The backend goal is to receive the user essay from the frontend and then send the grade to the frontend, for this to be possible the backend has a real time essay grading function. This function is explained in the next section.

Textgrader Real Time Essay Grading

The real time process function do this steps in a nutshell:

  1. It receives the essay as an argument in the text variable
  2. It defines the required columns for the AI model
  3. It transform the data for the AI model pipeline
  4. It generates essay embeddings for AI model prediction
  5. It retrieves one of the AI saved models
  6. It predicts and returns the essay grade with the model and the emeddings

The function bellow is the magic behind the real time grading, each step will be highlighted on the next sub sections:

backend/src/dags/predict/predict_from_text.py
def predict_from_text(text: str = "testando 123 testando"):
ESSAY_COLUMNS = 'essay_id essay_set essay new_text rater1_domain1 rater2_domain1 rater3_domain1 domain1_score rater1_domain2 rater2_domain2 domain2_score rater1_trait1 rater1_trait2 rater1_trait3 rater1_trait4 rater1_trait5 rater1_trait6 rater2_trait1 rater2_trait2 rater2_trait3 rater2_trait4 rater2_trait5 rater2_trait6 rater3_trait1 rater3_trait2 rater3_trait3 rater3_trait4 rater3_trait5 rater3_trait6'.split(' ')

essays_dict = {}

for column in ESSAY_COLUMNS:
essays_dict[column] = []

essays_dict['essay'].append(text)

essays_dict['new_text'].append(text)

essays_df = pd.DataFrame.from_dict(pd.DataFrame(dict([ (k,pd.Series(v)) for k,v in essays_dict.items() ])))
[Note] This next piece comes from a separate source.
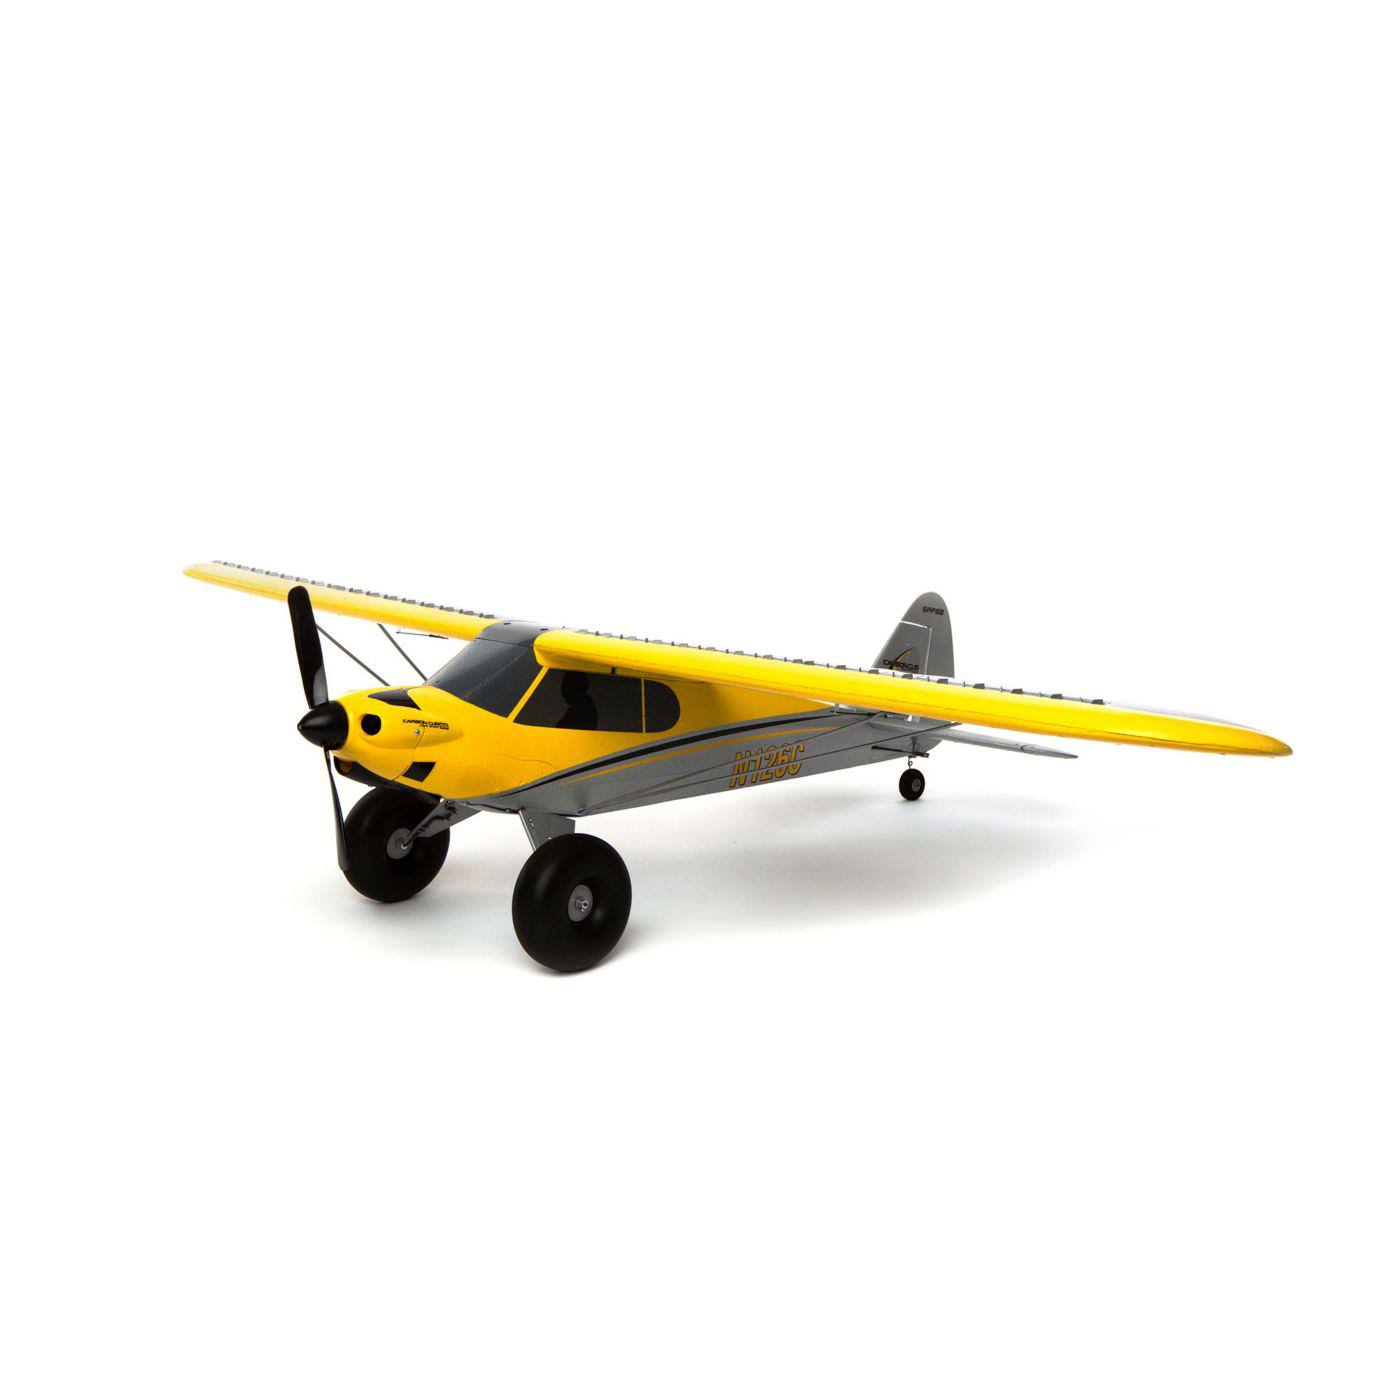 HobbyZone HBZ32500 - Carbon Cub S 2 1.3m BNF Basic with Safe

essays_df = essays_df[essays_df['new_text'] != "-"]

essays_df = essays_df.rename(columns = {"essay_id":"text_id","essay_set":"text_set","essay":"text"})
essays_df = pd.melt(essays_df,id_vars = ["text_id","text_set","text","new_text"], value_vars = ["domain1_score","domain2_score"])

essays_df.columns = ['text_id', 'text_set', 'text', 'new_text', 'domain', 'score']

essays_df["domain"] = essays_df["domain"].replace({"domain1_score":1,"domain2_score":2})

essays_df['word_count'] = essays_df['new_text'].apply(lambda x: word_count(x))
essays_df['sentence_count'] = essays_df['new_text'].apply(lambda x: sentence_count(x))
essays_df['unique_word_count'] = essays_df['new_text'].apply(lambda x: word_count_unique(x))

embedder = doc_2_vec_embedder(vector_size=512)

essays_df = embedder.generate_embed_features(essays_df)

model_directory = os.path.join(os.path.join('datalake','essay'),'model','set_1','domain_1')
model_filename = 'lsi_40_topics_rf_model.pkl'

model = get_model_from_pickle(model_directory,model_filename)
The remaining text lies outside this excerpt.